By Vivid Gwede
Professor Ngugi wa Thiong’o is no more.
He passed on in Atlanta, Georgia, United States of America, on Wednesday, 28 May 2025.
Ngugi is not only a hero of African literature – but a hero of African thought and identity who inspired many through his writings.
His writings advanced African justice and societal transformation.
His writings also grappled with the central question of what it meant to be a writer – an African writer or precisely a writer in Africa.
This question was part of the broader questions of identity facing societies that had gained independence.
His answer was a decolonisation of the mind symbolised by writing in his Gikuyu language.
He theorised the importance of language in “Decolonising the Mind.”
The act of writing in his mother language became a key message beyond the plots and characters of his works.
This question of what it meant to be a writer in independent Africa besides Ngugi concerned other writers.
Zimbabwe’s Dambudzo Marechera questioned the idea of writing “for a specific nation or race.”
This revealed the tension between embracing one’s identity and not being limited by it.
On the specific question of the language, Marechera seemed to agree with Ngugi, “….I took to the English language like a duck takes to water.
I was a keen accomplice and student in my own mental colonization.”
Thus African writers thought deeply about the language they used and how they represented themselves and their societies.
This brought about the tension that African writers or writers in Africa faced among themselves and between reflecting their belonging to their nations in their writings or writing for a global audience.
These are the questions Ngugi was grappling with.
His answer was decolonising the mind and the language by prioritising African identity and belonging while engaging with the universal questions of the human condition that most novelists tackled.
Writing in his language, Gikuyu, might have not felt constraining for Ngugi after he decided not to write in English in 1977 because he thought the novel was universal.
He reasoned: “What’s good about writing is that when you write novels or fiction, people can see that problems in one region are similar to problems in another region.”
His Gikuyu works like “A Grain of Wheat” were translated into many languages, including the Shona “Tsanga Yembeu” by Charles Mungoshi, showing its universal “language.”
It was partly a victory for Ngugi though it remained a controversial step for some readers.
In a sense, Ngugi was a key contributor to the new generation of decolonisation thought after independence.
He contributed to a historical chain of decolonisation thinkers including W. E. B Dubois, Marcus Garvey, Frantz Fanon, and Achille Mbembe.
Decolonisation thought has increasingly gained importance in both the global academy and development spaces.
Ngugi’s main contribution was in pointing to the potentially limiting role and symbolism of language in the process of decolonisation.
He was not the only one who paid attention to language as political leaders and thinkers like Tanzania’s former president Julius Nyerere, leveraged language in African unity.
Nyerere after the country’s independence in 1961 promoted Swahili in Tanzania as the official language, including educational instruction.
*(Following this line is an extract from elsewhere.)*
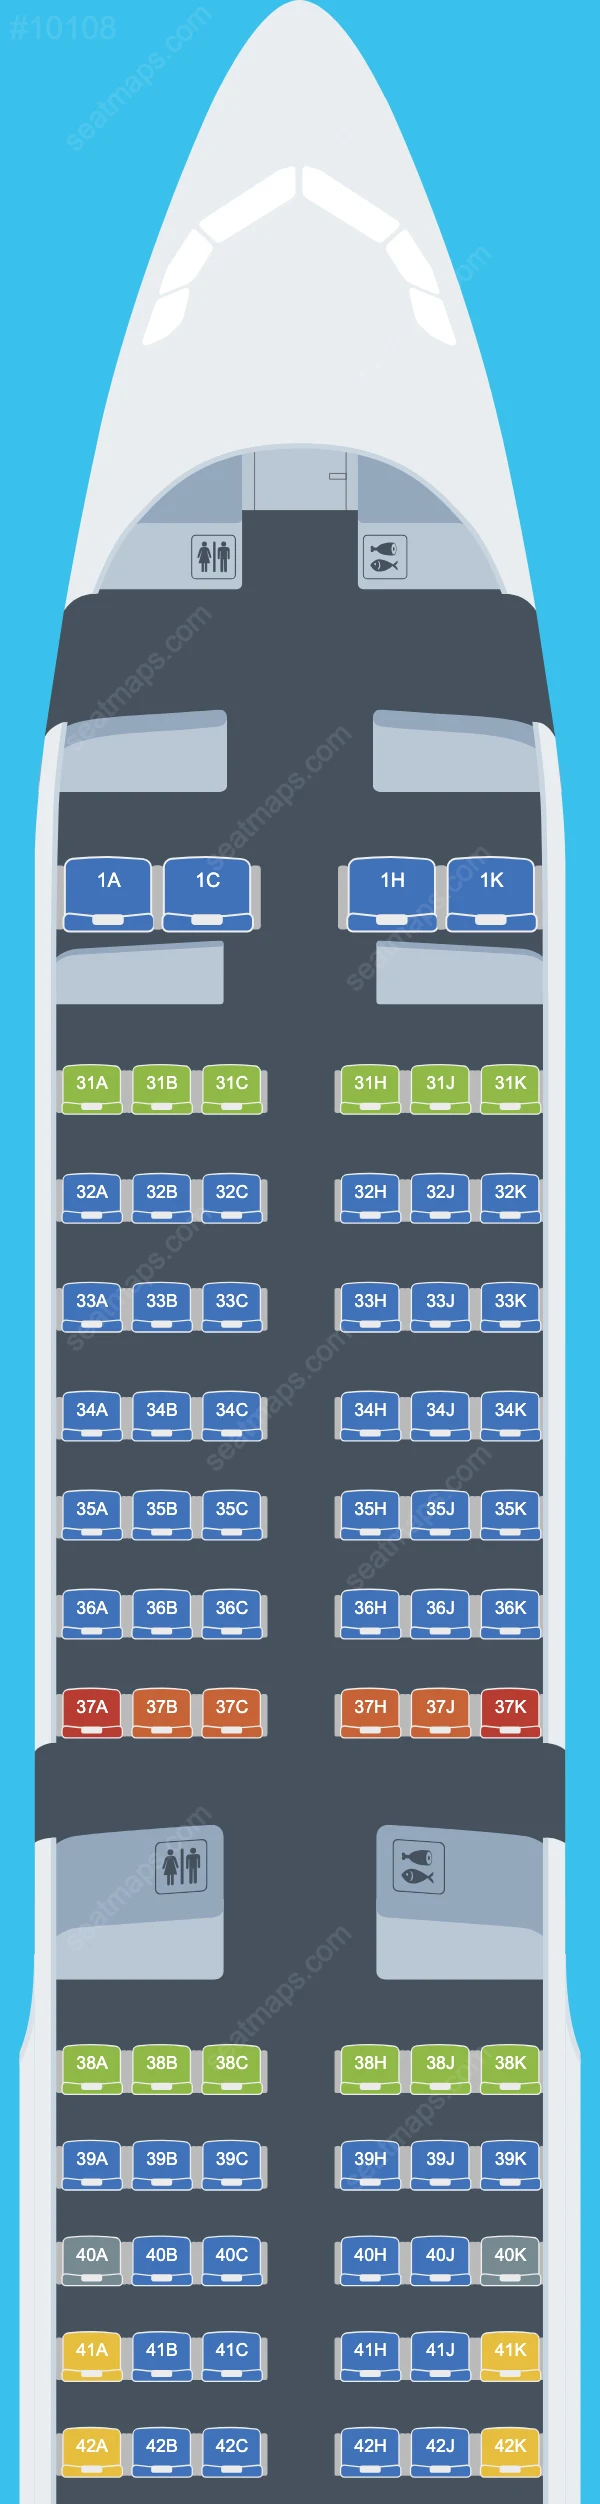 China Southern Airbus A321 Seat Maps A321-200 V.3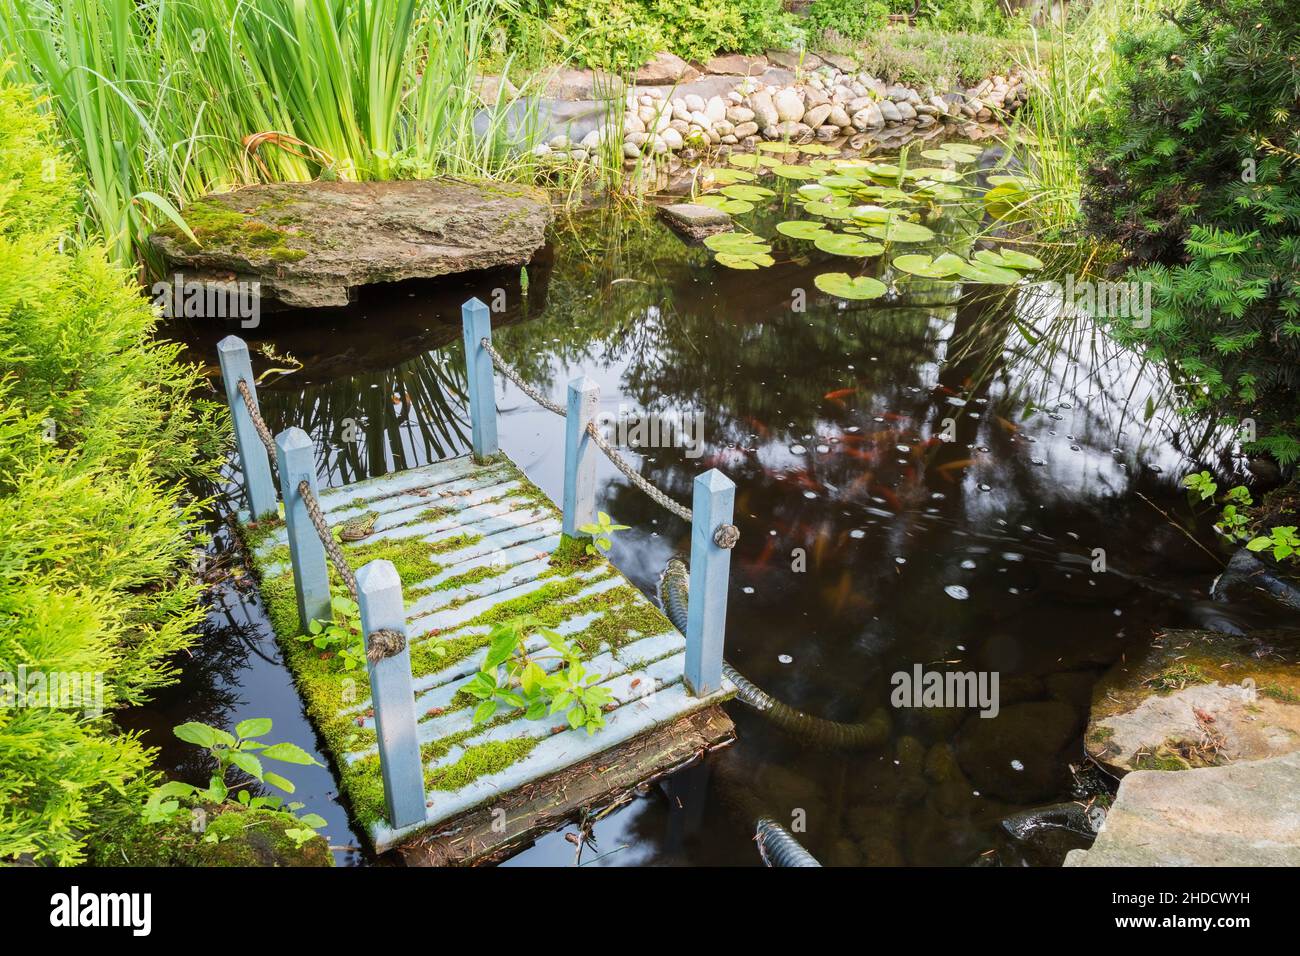 Pond with floating blue painted miniature wooden footbridge, Iris pseudacorus - Yellow Flag, Nymphaea - Waterlilly in front yard garden in summer. Stock Photo

Thus Ngugi re-emphasised the importance of language in shaping African identity.
Another theme of Ngugi’s writing was internal justice and freedom in independent African societies, including in his novels “Matigari na Njiruungi” and “I Will Marry When I Want” (a play co-authored with Ngugi wa Mirii).
He grappled with the politics of liberation and the meaning of power. “We think of politics in terms of power and who has power. Politics is the end to which that power is put,” Ngugi argued.
This revealed his deeper understanding of the fact that the identity of the ruler may mask the misuse of power.
This is particularly an incisive observation in the politics of post-independence and its arrivalist celebration and mythology of the infallibility of the nationalist vision and black leader.
Like other writers of his generation, and elsewhere, this theme brought him in tension with the new political class whose idea of national unity did not tolerate divergence of thought and public scrutiny.
His writings brought him into conflict with his nation’s government.
In December 1977, Ngugi was detained, together with co-author Ngugi wa Mirii soon after releasing “I Will Marry When I Want”, by the Kenyan government ordered by then Vice-President Daniel Arap Moi and only released in 1978.
Subsequently, Ngugi spent most of his time in exile in the United Kingdom and in the United States where he passed on Wednesday in Atlanta, Georgia.
The image of the harassed and exiled intellectual and artist is familiar and resonates across the continent. The censorship of thought and ideas remains commonplace.
This indicates the continuing tension between the independent African societies’ ruling classes and progressive African thinkers’ unvarnished critique of the state of African progress.
Ngugi’s treatment by the Kenyan government of Moi, which forced him into exile, highlights that we do not always treat our heroes with respect. But like every giant intellectual of his stature, he remained committed to building a legacy and living his life on his terms. In the process, he inspired many and will continue inspiring more.
Ngugi’s legacy is one of advancing African thought, African decolonisation, broad-based freedom and justice in Africa’s independent states and societies.
🔵Gwede is a Zimbabwean democracy activist. He writes in his personal capacity.